Ulrich Thomsen (born 6 December 1963) is a Danish actor and filmmaker, known for his role of Kai Proctor in the Cinemax original series Banshee (2013–2016).

Biography
Ulrich Thomsen was born in (Næsby) Odense, Denmark and graduated from the Danish National School of Theatre and Contemporary Dance in 1993, after which he performed in several theatres in Copenhagen, such as Dr. Dantes Aveny, Mungo Park and Østre Gasværks Teater.

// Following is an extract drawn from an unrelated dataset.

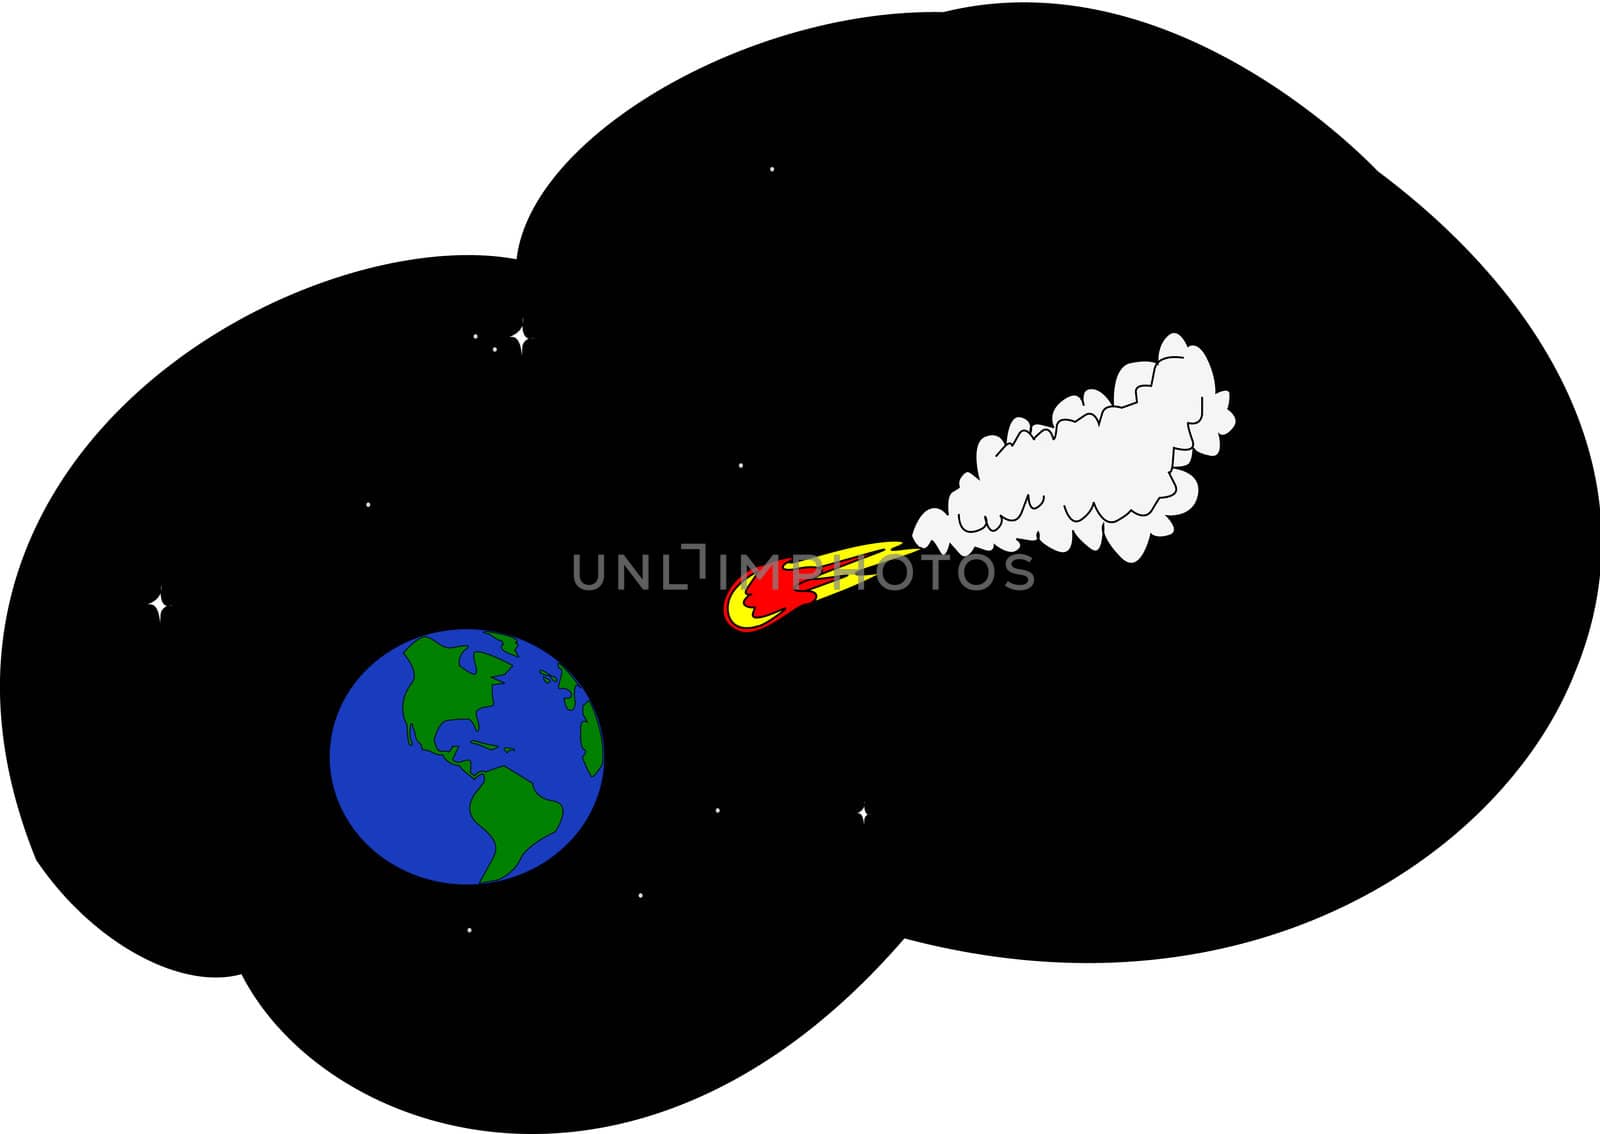 Asteroid in space travels in the direction of the Earth.

His film debut was in 1994 in Nightwatch, directed by Ole Bornedal. Since then, he has starred in a number of roles including, among others, Thomas Vinterberg's The Biggest Heroes (1996), Susanne Bier's Sekten (1997) and Anders Thomas Jensen's Flickering Lights (2000). The major breakthrough in his career came in the 1998 film Festen followed by an important role in the James Bond film The World Is Not Enough (1999) portraying the part of henchman Sasha Davidov.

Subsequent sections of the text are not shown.